This book is intended to introduce you to a very small slice of that new era in a fun and informative way using the Machine Learning Agents platform called ML-Agents from Unity. We will first explore some basics of Machine Learning and ML-Agents. Then, we will cover training and specifically Reinforcement Learning and Q Learning. After that, we will learn how to use Keras to build a Neural Network that we will evolve into a Deep Q-Network. From there, we will look at various ways to improve the Deep Q-Network with different training strategies. This will lead us to our first example, where we train an agent to play a more complex game. Then, finally, we will finish with a look at a multi-agent example that allows agents to compete with or against each other.


Machine Learning is a big subject and could certainly take years to master. You certainly won't learn everything you need to know from this book. This book is intended only as an enjoyable introduction to a complex and frustrating topic. We will try and point out other areas for learning more about certain techniques or backgrounds.

In our first chapter, we will take a gradual introduction to ML and ML-Agents. Here is what we will cover in this chapter:

  • Machine Learning
  • ML-Agents
  • Running an example
  • Creating an environment
  • Academy, Agent, and Brain

Let's get started, and in the next section, we will introduce what Machine Learning is and the particular aspect of ML we plan to focus on in this book.

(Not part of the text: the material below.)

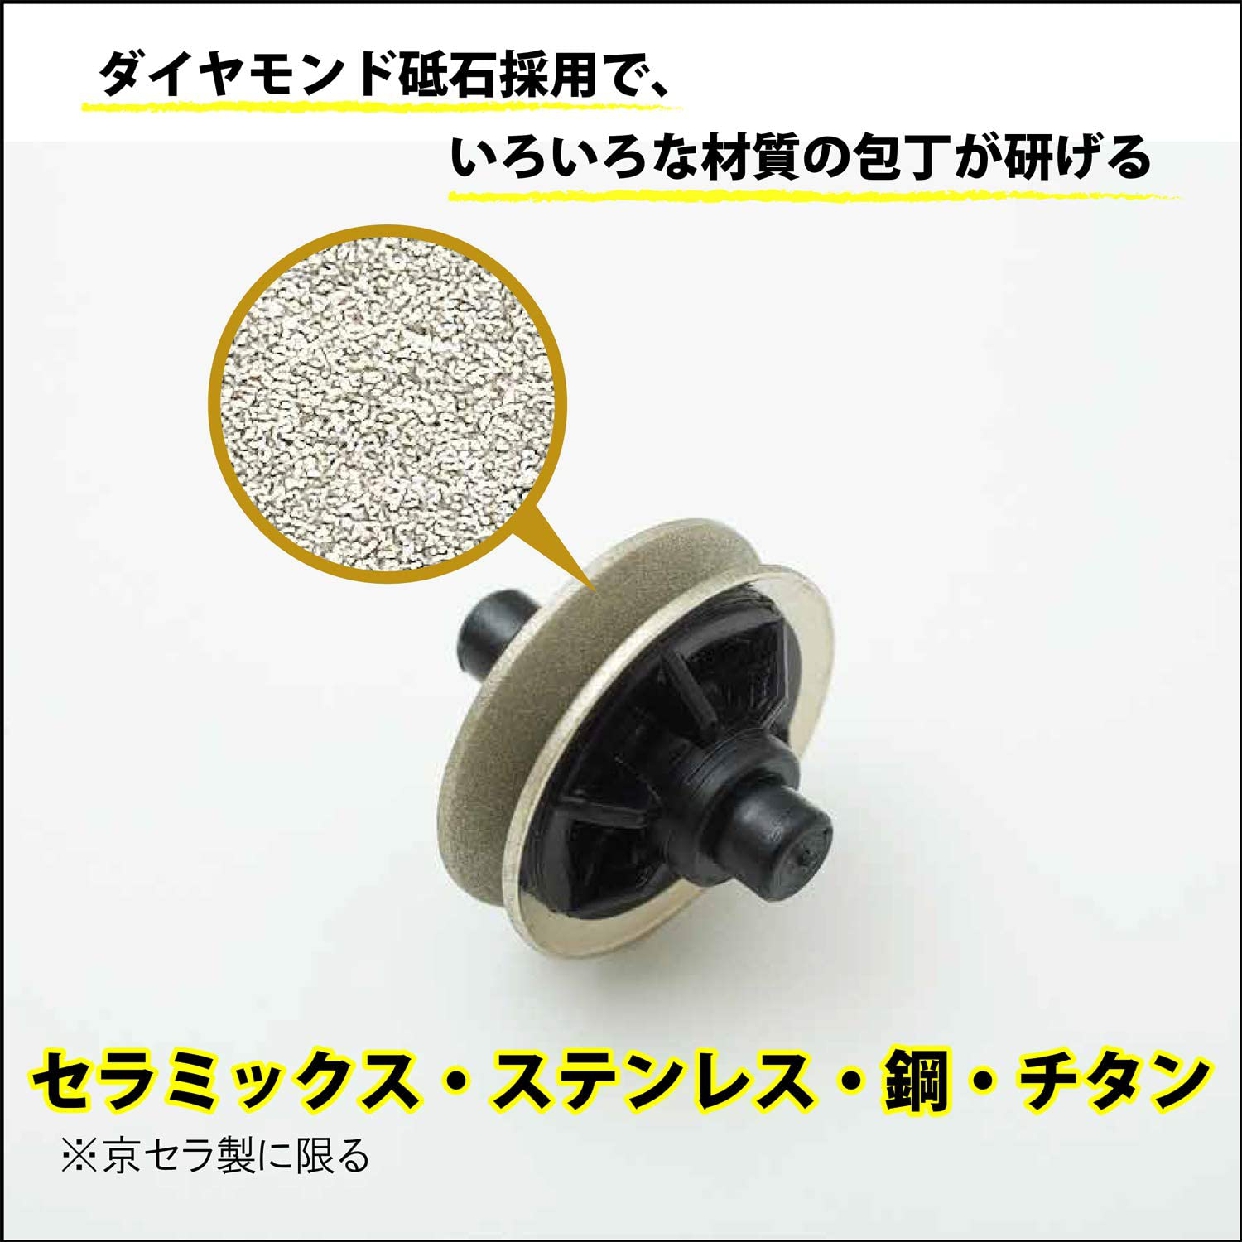 京セラ(KYOCERA) 電動ダイヤモンドシャープナー DS-38の商品画像4

If you have not already done so, be sure to download and install the latest version of Unity (https://unity3d.com/). Make sure you have the latest released version of the software and avoid any beta versions. We will use the Personal version in this book, but any version of Unity should work fine.



Machine Learning

Games and simulations are no stranger to AI technologies and there are numerous assets available to the Unity developer in order to provide simulated machine intelligence. These technologies include content like Behavior Trees, Finite State Machine, navigation meshes, A*, and other heuristic ways game developers use to simulate intelligence. So, why Machine Learning and why now? After all, many of the base ML techniques, like neural nets, we will use later in this book have been used in games before.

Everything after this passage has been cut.